The signaling channel associated with one of the broadcast channels advantageously supplies the terminal with a computer address of the signaling channel associated with the other broadcast channel. The terminal can use this address to cover the corresponding signaling channel.
The signaling channel associated with one of the broadcast channels can supply the terminal with an indication of the starting of broadcasting via the other broadcast channel and/or an indication of the stopping of broadcasting via the other broadcast channel. Accordingly, when the terminal is receiving one of the two broadcast channels, it does not need to change broadcast channel to find out if the other channel is broadcasting a content. That information is supplied to it directly by the signaling channel associated with the broadcast channel it is receiving. Furthermore, using the end-of-broadcast indication, the terminal can automatically change broadcast channel at the end of a broadcast without intervention by its user.
During reception of the content broadcast by one of the broadcast channels, the terminal advantageously informs a user of parallel broadcasting over the other broadcast channel, and changes broadcast channel in response to a switching command from said user. For example, while the terminal is receiving one broadcast channel, it can display an icon indicating that a broadcast is taking place on the other broadcast channel. To change broadcast channel it suffices to select the icon.
With contents being broadcast over a plurality of broadcast channels respectively associated with a plurality of signaling channels and forming a group of channels, each signaling channel advantageously supplies the terminal with the information for acquiring one or more other signaling channels associated with another broadcast channel of the same group so that the terminal can access all the broadcast channels of the group.
In one particular embodiment, the group of channels comprises a main channel and a plurality of secondary channels, and the signaling channel associated with the main channel supplies the terminal with the information to acquire signaling channels associated with all the secondary channels.
The signaling channel associated with each secondary channel advantageously supplies the terminal with information for acquiring the signaling channel associated with the main channel, to the exclusion of information for the signaling channels associated with the other secondary channels.
In this embodiment of the invention, the terminal can switch from the main channel to any secondary channel. However, it must switch from one secondary channel to another secondary channel via the main channel. This prevents overloading the signaling channels associated with the secondary channels with information, and consequently limits the consumption of bandwidth, and facilitates updating the signaling channels.
The invention also consists in a terminal for implementing the method defined above, comprising means for acquiring a signaling channel associated with a broadcast channel and means for switching from said broadcast channel to another broadcast channel with the aid of said signaling channel.

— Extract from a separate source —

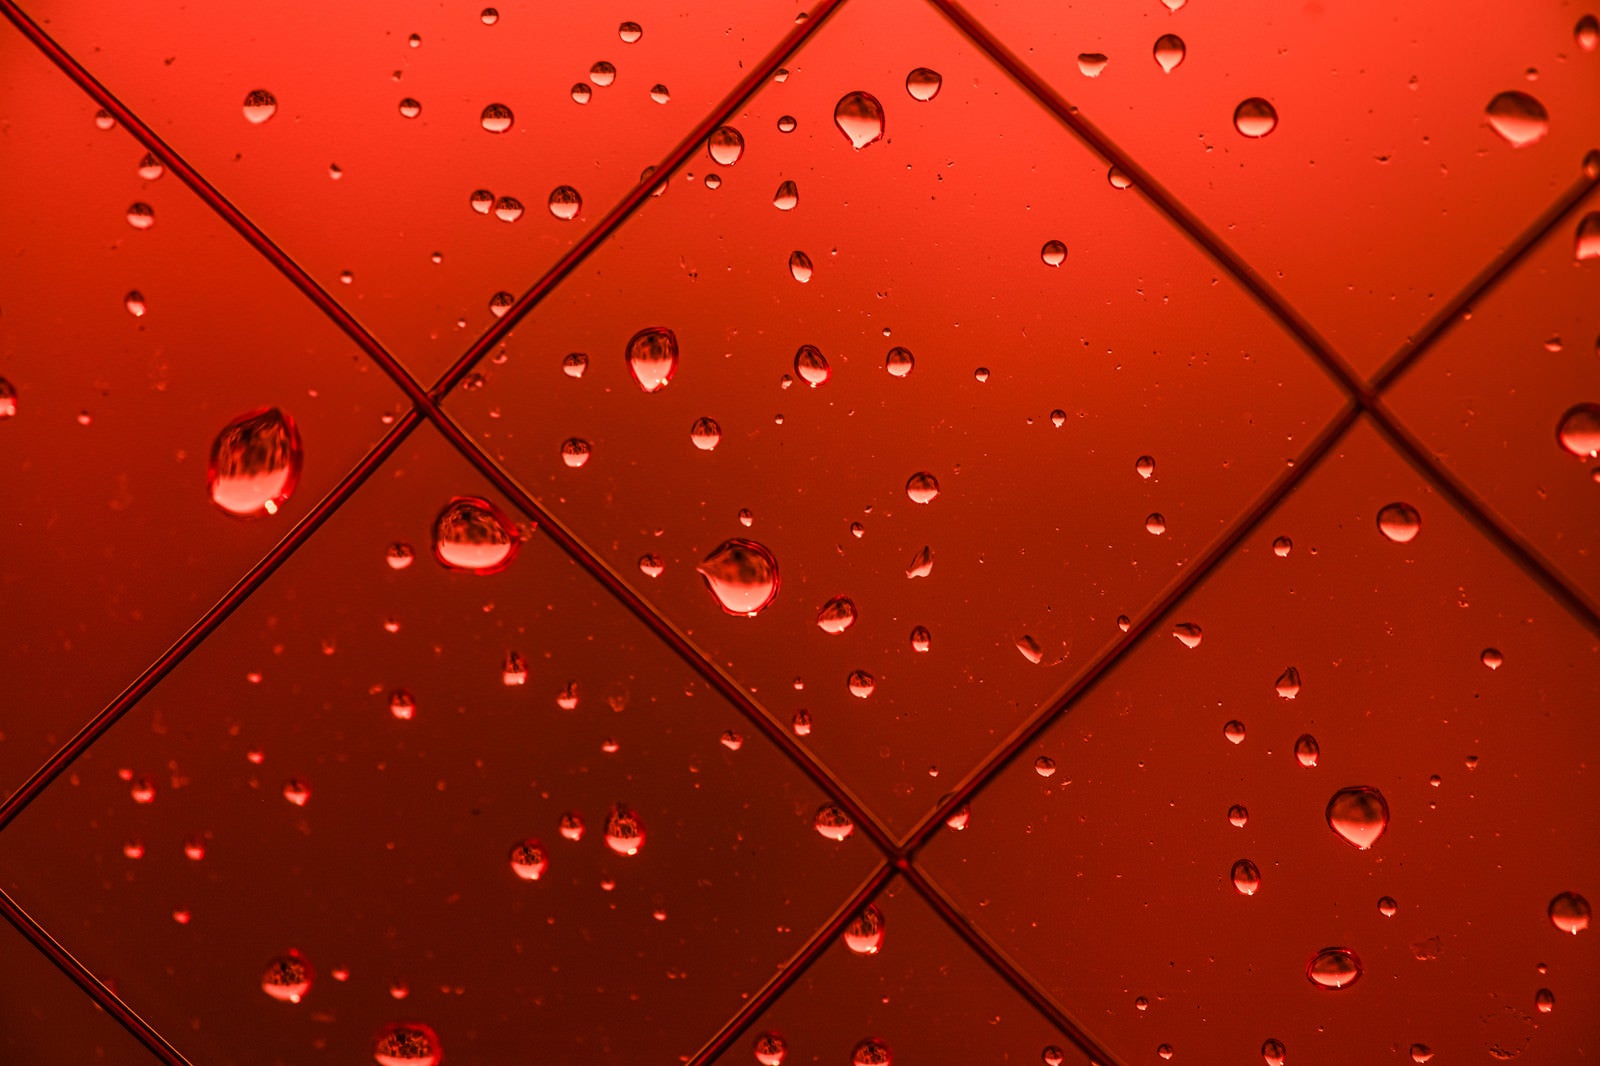 「赤い窓と水滴」の写真

The invention will be better understood in the light of the following description of an implementation of a reception method and a terminal in accordance with the invention, which description is given with reference to the accompanying drawings, in which:
FIGS. 3 to 7 are flowcharts of substeps of the
In the particular example described here, the source S is a national television station called “TV1” hosted by an audiovisual Internet server and adapted to broadcast content in the form of audiovisual programs (television broadcasts, video films, etc.) to receiver terminals via the Internet in multicast mode, nationally and regionally. The audiovisual server could host other broadcast sources. The multicast mode of broadcasting consists in sending IP data packets carrying the content to be broadcast from the source S in one sending. The IP data packets are then duplicated by a cascade of Internet routers and routed to the receiver terminals via the Internet. The source S has a main channel CD0 for broadcasting national programs and a plurality of secondary channels CD1, CD2, . . . , CDi, . . . , CDn for broadcasting regional programs. A signaling channel CSi is associated with each broadcast channel CDi and is adapted to carry information needed for a terminal to start receiving the broadcast channel CDi.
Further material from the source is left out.